- Date: 21–28 July
- Edition: 2nd (men) / 5th (women)
- Category: International Series (men) Tier III (women)
- Surface: Clay / outdoors
- Location: Sopot, Poland

Champions

Men's singles
- José Acasuso

Women's singles
- Dinara Safina

Men's doubles
- František Čermák / Leoš Friedl

Women's doubles
- Svetlana Kuznetsova / Arantxa Sánchez-Vicario
| Idea Prokom Open |

= 2002 Idea Prokom Open =

The 2002 Idea Prokom Open was a combined men's and women's tennis tournament played on outdoor clay courts in Sopot in Poland that was part of the International Series of the 2002 ATP Tour and of Tier III of the 2002 WTA Tour. The tournament ran from 21 July through 28 July 2002. José Acasuso and Dinara Safina won the singles titles.

==Finals==

===Men's singles===

ARG José Acasuso defeated ARG Franco Squillari 2–6, 6–1, 6–3
- It was Acasuso's only title of the year and the 1st of his career.

===Women's singles===

RUS Dinara Safina defeated SVK Henrieta Nagyová 6–3, 4–0 (Nagyová retired)
- It was Safina's only title of the year and the 1st of her career.

===Men's doubles===

CZE František Čermák / CZE Leoš Friedl defeated RSA Jeff Coetzee / AUS Nathan Healey 7–5, 7–5
- It was Čermák's 2nd title of the year and the 2nd of his career.
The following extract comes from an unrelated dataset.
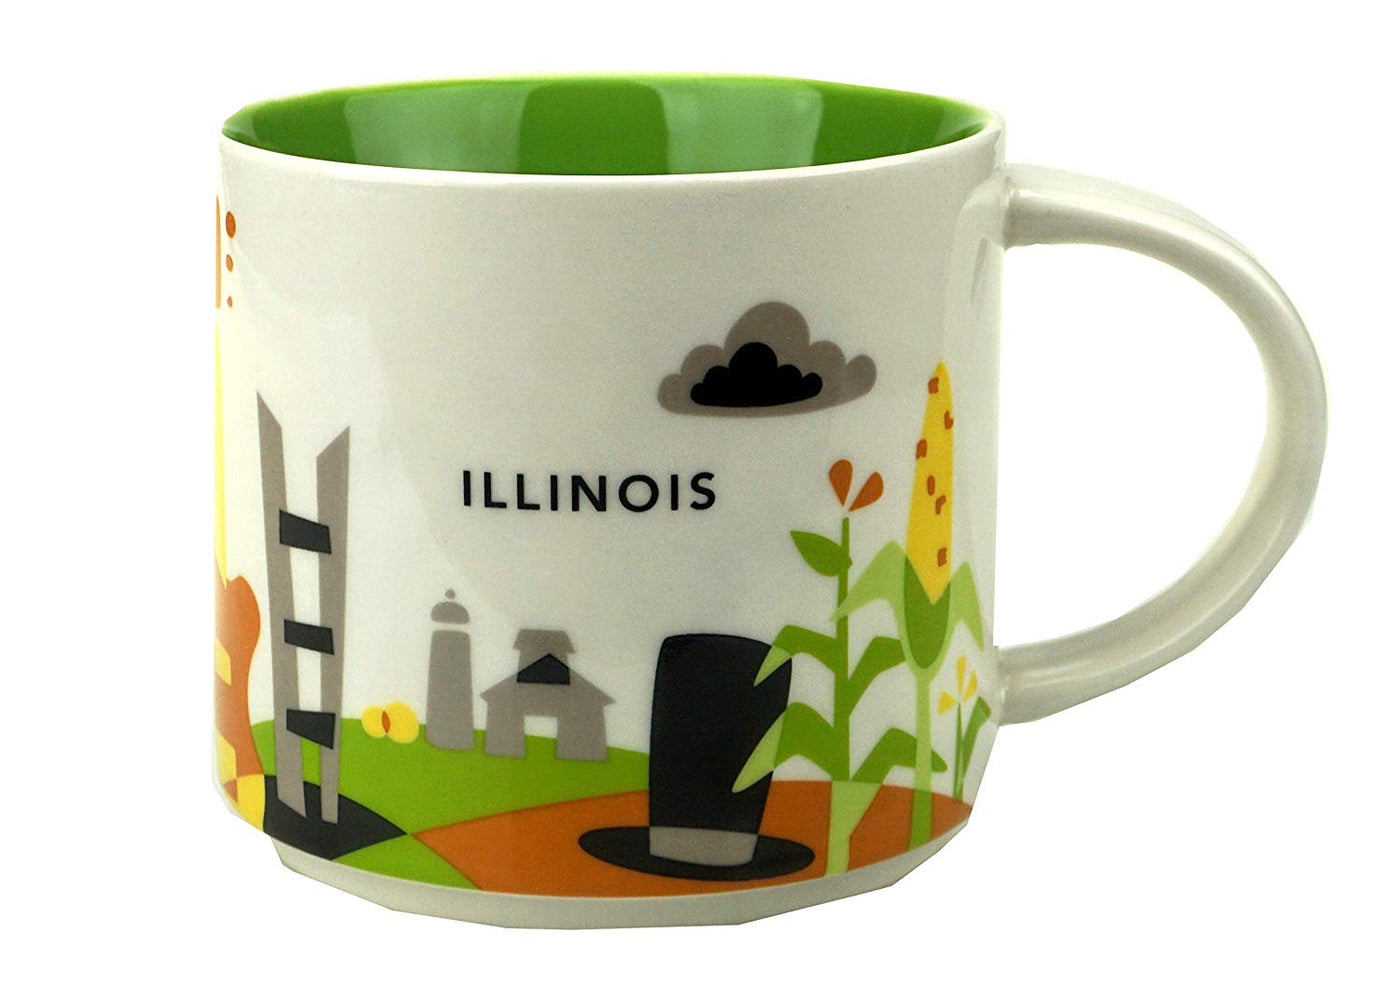 Starbucks You Are Here Illinois Ceramic Coffee Mug New with Box

It was Friedl's only title of the year and the 2nd of his career.

===Women's doubles===

RUS Svetlana Kuznetsova / ESP Arantxa Sánchez-Vicario defeated RUS Evgenia Kulikovskaya / RUS Ekaterina Sysoeva 6–2, 6–2
- It was Kuznetsova's 1st title of the year and the 1st of her career. It was Sánchez-Vicario's 3rd title of the year and the 98th of her career.